To solve for the force of tension in both rope 1 and 2, both forces have to broken down into their x and y components and then solve the resulting system of equations.

• The system is stationary
• Gravity works in the negative y direction, with $g=9.81m/s^{2}$
• There are two forces of tension, on for rope 1, and one for rope 2
• Mass of the object?
• Angles of the ropes?

• Either force of tension of the ropes

• The lengths of the two ropes is irrelevant, only the angle matters to solve for the two forces
• The net force is zero since the system is stationary

• I have a drawing but I'm having a hard time adding pictures

We assume the net force is zero, so $$F_{net} = \sum F = \sum F_{x} + \sum F_{y} = 0.$$ To find the forces acting the the x direction, we have to decompose the tension of both ropes. For rope 1, $$T_{1,x} = T_{1}\sin{\alpha}$$ For rope 2, $$T_{2,x} = T_{2}\sin{\beta}.$$ One important note is since the force of tension of the two ropes point in opposite directions, their signs must be different.
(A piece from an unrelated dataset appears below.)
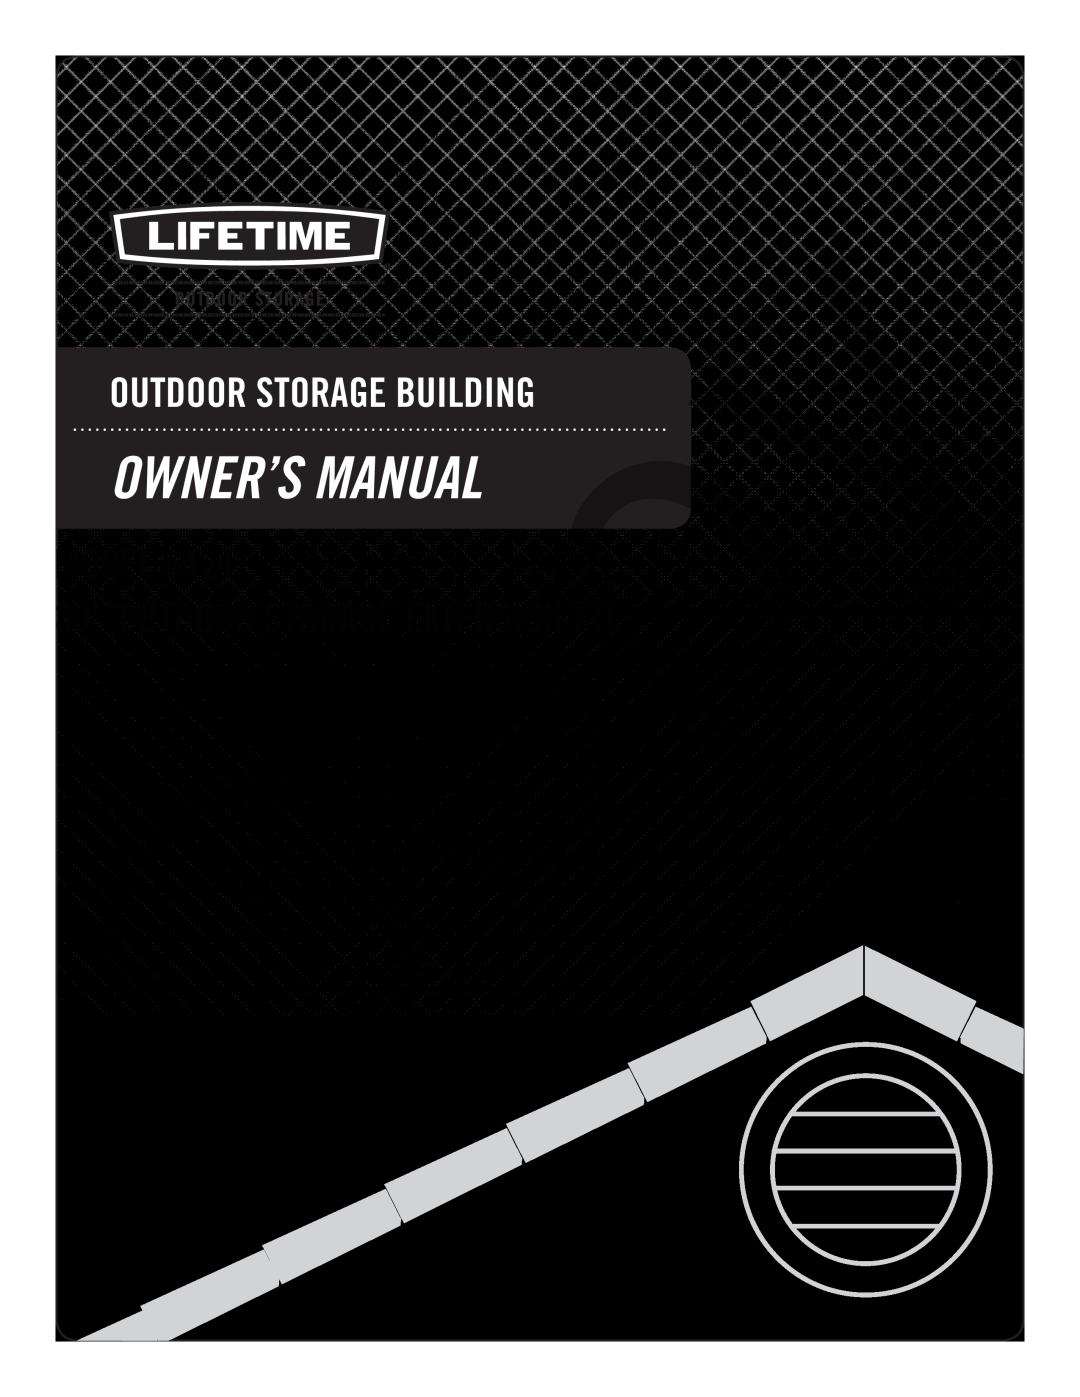 AB Soft 6424 manual Outdoor Storage Building, MODEL 30” OUTDOOR STORAGE EXTENSION KIT, O U T D O O R S T O R A G E 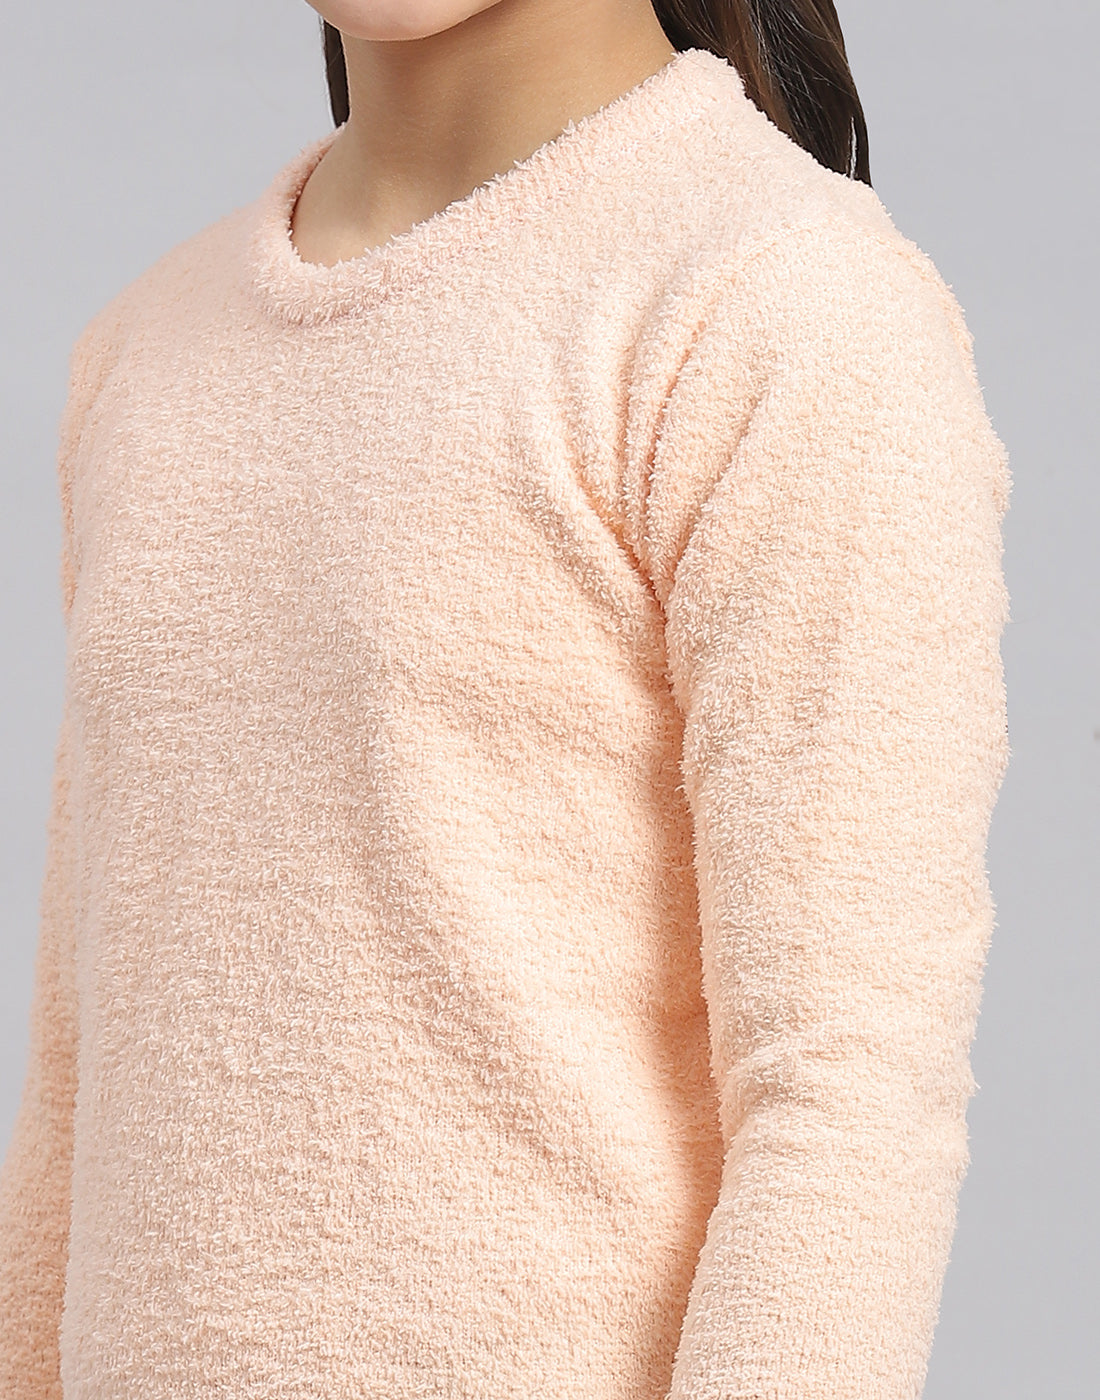 Girls Peach Solid Round Neck Full Sleeve Sweater

As convention, the force pointing to the left will be negative in these calculations. Now we know the net force in the x direction $$\sum F_{x} = T_{2}\sin{\beta} - T_{1}\sin{\alpha}=0.$$ Next, we will use the same technique to decompose the forces in the y direction. For rope one, $$T_{1,y} = T_{1}\cos{\alpha}$$ For rope 2, $$T_{2,y} = T_{2}\cos{\beta}.$$ When finding the net force in the y direction, we cannot forget our assumption that gravity also works in the dimension in the opposite direction as our tension forces. The net force in the y direction is, $$\sum F_{y} = T_{1}\cos{\alpha}+T_{2}\cos{\beta}-Mg = 0.$$